==== Information supplied

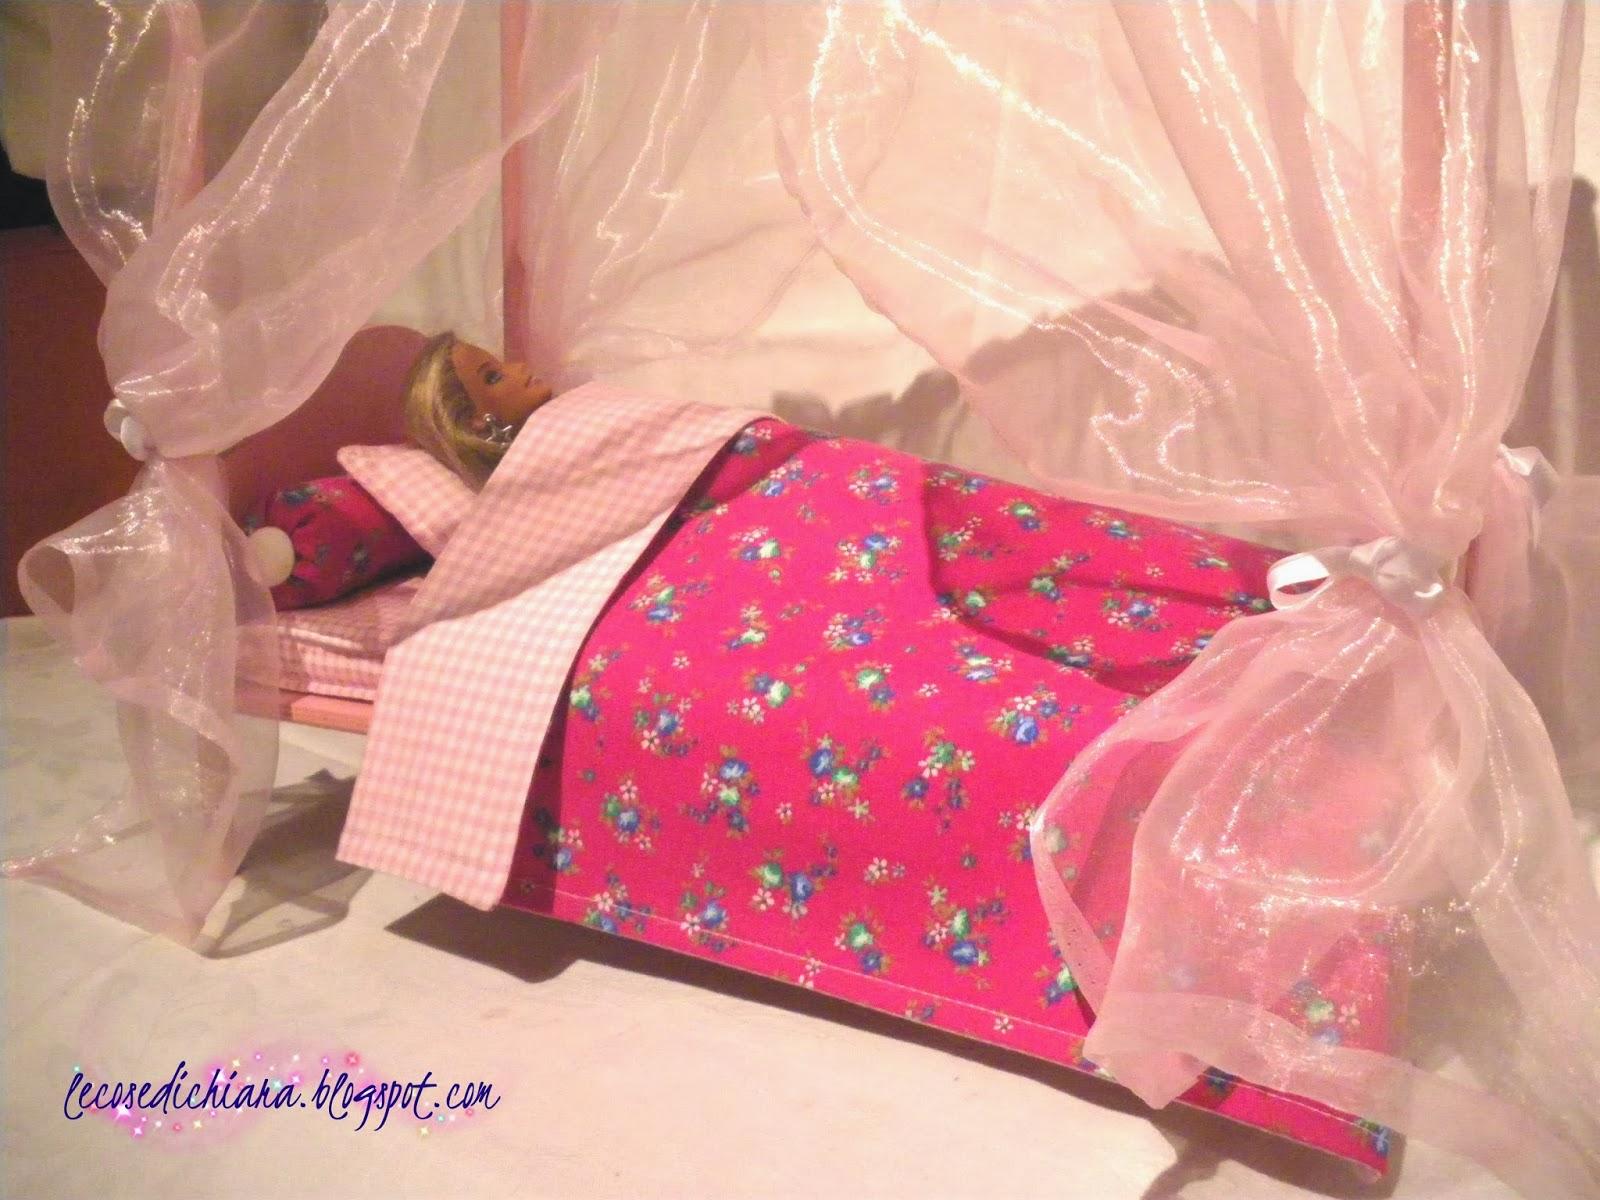 lecosedichiara: tutorial il letto a baldacchino di barbie - Camera Da Letto Di Barbie
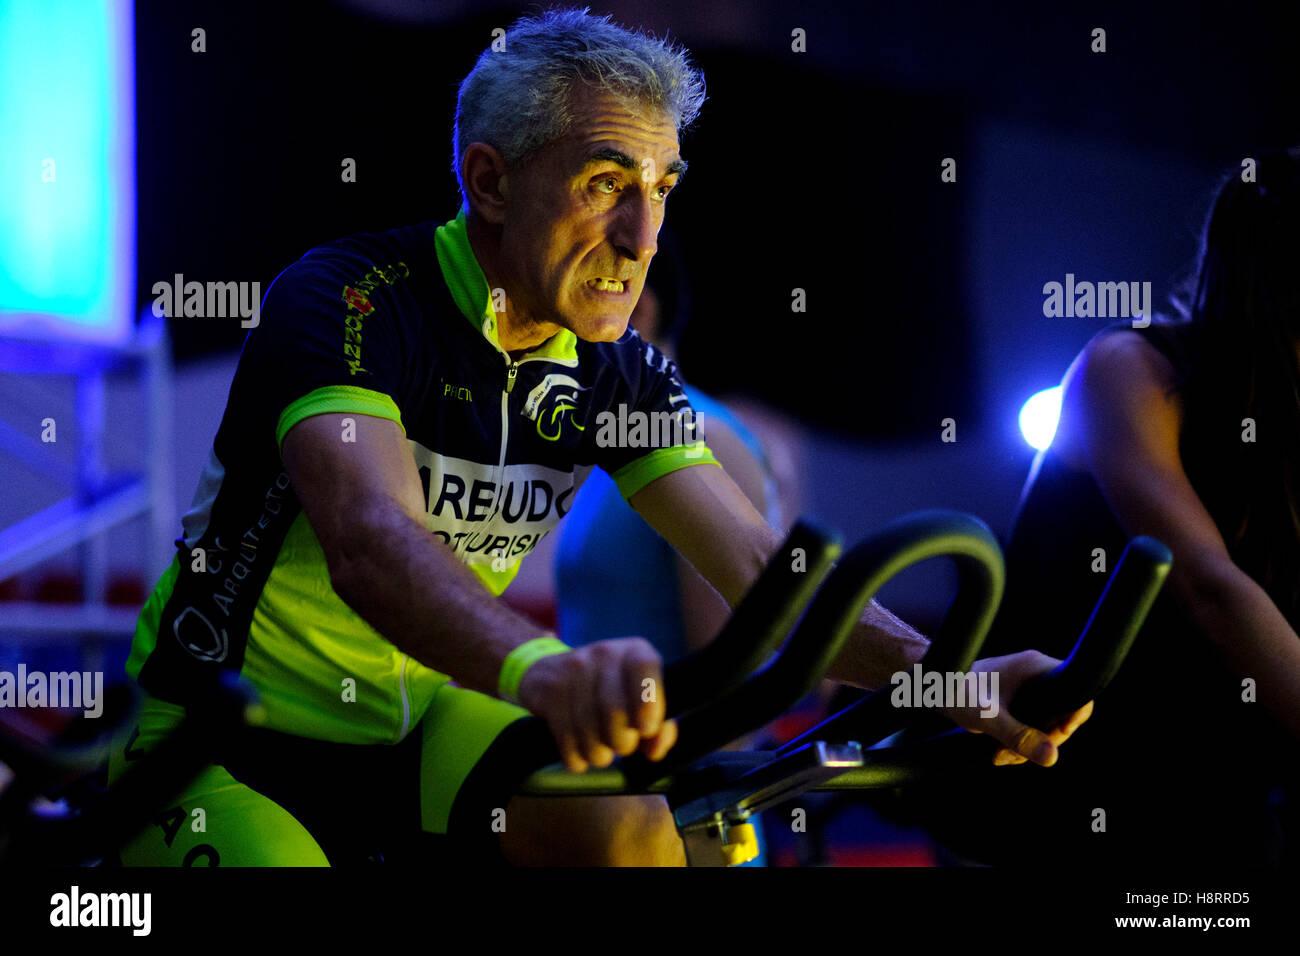 Hombre montando bicicleta estacionaria durante una clase de spinning en el gimnasio Imagen De Stock
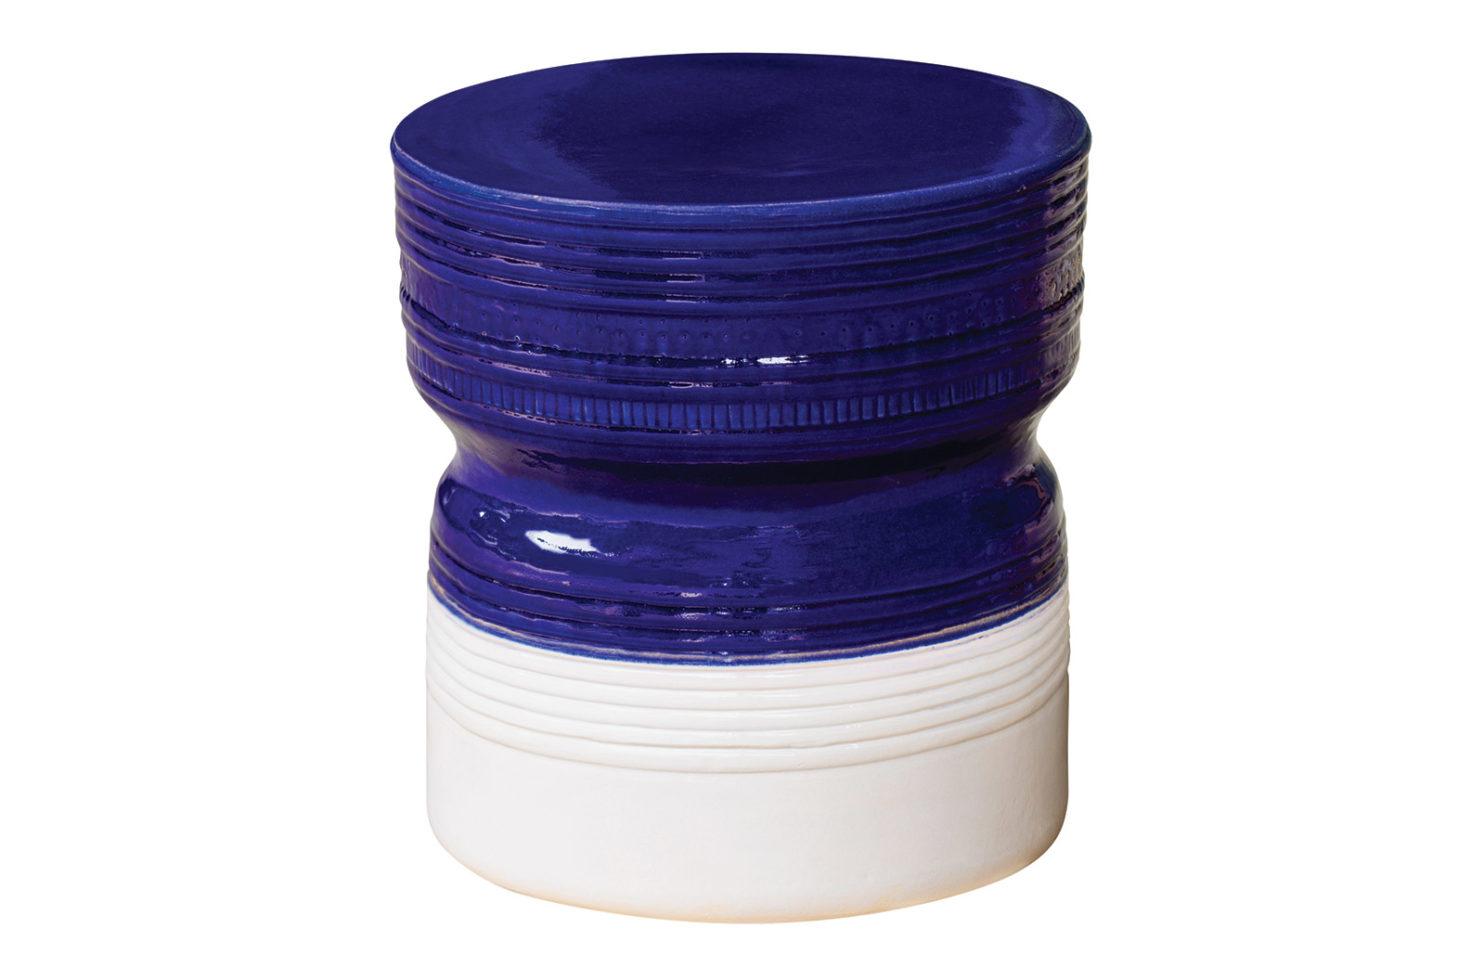 Ceramic ancaris stool 308FT342P2NBSW
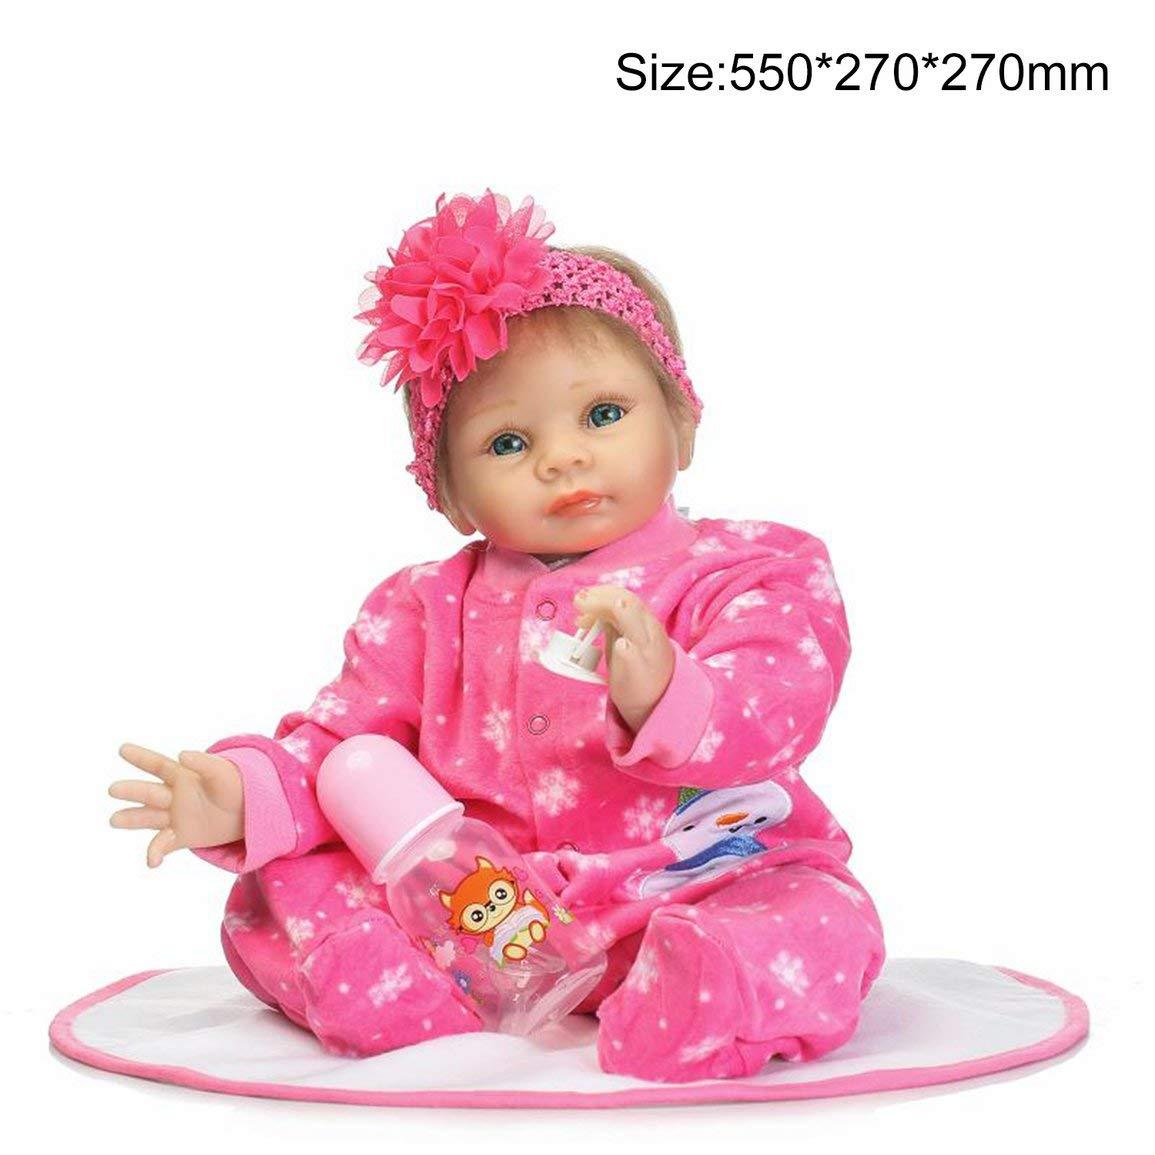 fc3bff48e463 Muñecos bebé y accesorios Fantasyworld Bebé de Silicona Lindo Rose Red de  Simulación Bebés Reborn Dolls ...

========

▶ _Action item_:
With the pictures excluded, retype exactly the lines from the one containing "Ceramic ancaris stool 308FT342P2NBSW" through the last line of the listing, both ends included.

▶ _Exercise solution_:
 Ceramic ancaris stool 308FT342P2NBSW
 fc3bff48e463 Muñecos bebé y accesorios Fantasyworld Bebé de Silicona Lindo Rose Red de  Simulación Bebés Reborn Dolls ...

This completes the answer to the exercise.